__Work required__:
Which lines of the entries contain the string "Print"? Copy each of them.

__Given records__:
________

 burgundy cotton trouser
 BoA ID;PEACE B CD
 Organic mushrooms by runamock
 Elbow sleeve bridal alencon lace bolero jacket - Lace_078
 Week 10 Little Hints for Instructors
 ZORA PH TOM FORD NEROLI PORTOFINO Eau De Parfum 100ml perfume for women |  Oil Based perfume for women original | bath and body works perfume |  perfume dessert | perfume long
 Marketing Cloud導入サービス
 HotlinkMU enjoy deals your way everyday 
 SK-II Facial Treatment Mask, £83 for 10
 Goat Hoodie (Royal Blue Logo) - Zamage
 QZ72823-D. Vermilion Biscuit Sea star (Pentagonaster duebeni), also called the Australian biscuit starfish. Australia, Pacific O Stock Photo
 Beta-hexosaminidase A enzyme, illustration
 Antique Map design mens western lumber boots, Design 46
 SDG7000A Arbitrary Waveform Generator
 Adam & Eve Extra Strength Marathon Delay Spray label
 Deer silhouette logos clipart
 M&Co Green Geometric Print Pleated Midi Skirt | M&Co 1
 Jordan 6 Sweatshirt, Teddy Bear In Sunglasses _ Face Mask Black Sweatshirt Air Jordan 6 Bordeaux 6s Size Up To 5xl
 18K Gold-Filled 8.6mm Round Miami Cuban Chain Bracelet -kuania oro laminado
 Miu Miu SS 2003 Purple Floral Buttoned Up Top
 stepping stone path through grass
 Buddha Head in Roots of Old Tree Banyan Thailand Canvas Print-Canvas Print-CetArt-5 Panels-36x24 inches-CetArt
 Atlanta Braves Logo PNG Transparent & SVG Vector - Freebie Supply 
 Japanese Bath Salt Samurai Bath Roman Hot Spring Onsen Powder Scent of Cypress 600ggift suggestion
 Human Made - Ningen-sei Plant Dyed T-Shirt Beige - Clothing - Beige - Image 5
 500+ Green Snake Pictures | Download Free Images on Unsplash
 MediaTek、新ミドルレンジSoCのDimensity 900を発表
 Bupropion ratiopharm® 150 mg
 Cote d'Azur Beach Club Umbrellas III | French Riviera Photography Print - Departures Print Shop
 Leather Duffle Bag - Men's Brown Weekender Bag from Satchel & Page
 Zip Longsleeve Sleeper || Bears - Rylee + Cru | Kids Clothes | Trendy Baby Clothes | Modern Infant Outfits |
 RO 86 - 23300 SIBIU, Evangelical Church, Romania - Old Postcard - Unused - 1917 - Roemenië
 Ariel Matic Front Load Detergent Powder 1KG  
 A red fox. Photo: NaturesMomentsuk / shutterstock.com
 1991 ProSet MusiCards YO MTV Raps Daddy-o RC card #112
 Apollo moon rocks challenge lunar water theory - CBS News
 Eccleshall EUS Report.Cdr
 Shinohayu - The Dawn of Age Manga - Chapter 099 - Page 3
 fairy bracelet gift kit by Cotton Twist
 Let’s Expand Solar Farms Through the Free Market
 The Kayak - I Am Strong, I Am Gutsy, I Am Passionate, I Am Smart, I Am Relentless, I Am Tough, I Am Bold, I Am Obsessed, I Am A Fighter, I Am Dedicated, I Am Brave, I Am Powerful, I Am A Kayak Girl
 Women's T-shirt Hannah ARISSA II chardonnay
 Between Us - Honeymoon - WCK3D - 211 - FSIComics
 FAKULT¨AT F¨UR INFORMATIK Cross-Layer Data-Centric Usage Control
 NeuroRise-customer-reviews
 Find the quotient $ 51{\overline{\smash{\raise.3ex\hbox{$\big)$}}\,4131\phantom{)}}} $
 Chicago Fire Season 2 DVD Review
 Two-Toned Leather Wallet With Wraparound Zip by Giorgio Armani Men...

________

__Expected answer__:
 M&Co Green Geometric Print Pleated Midi Skirt | M&Co 1
 Buddha Head in Roots of Old Tree Banyan Thailand Canvas Print-Canvas Print-CetArt-5 Panels-36x24 inches-CetArt
 Cote d'Azur Beach Club Umbrellas III | French Riviera Photography Print - Departures Print Shop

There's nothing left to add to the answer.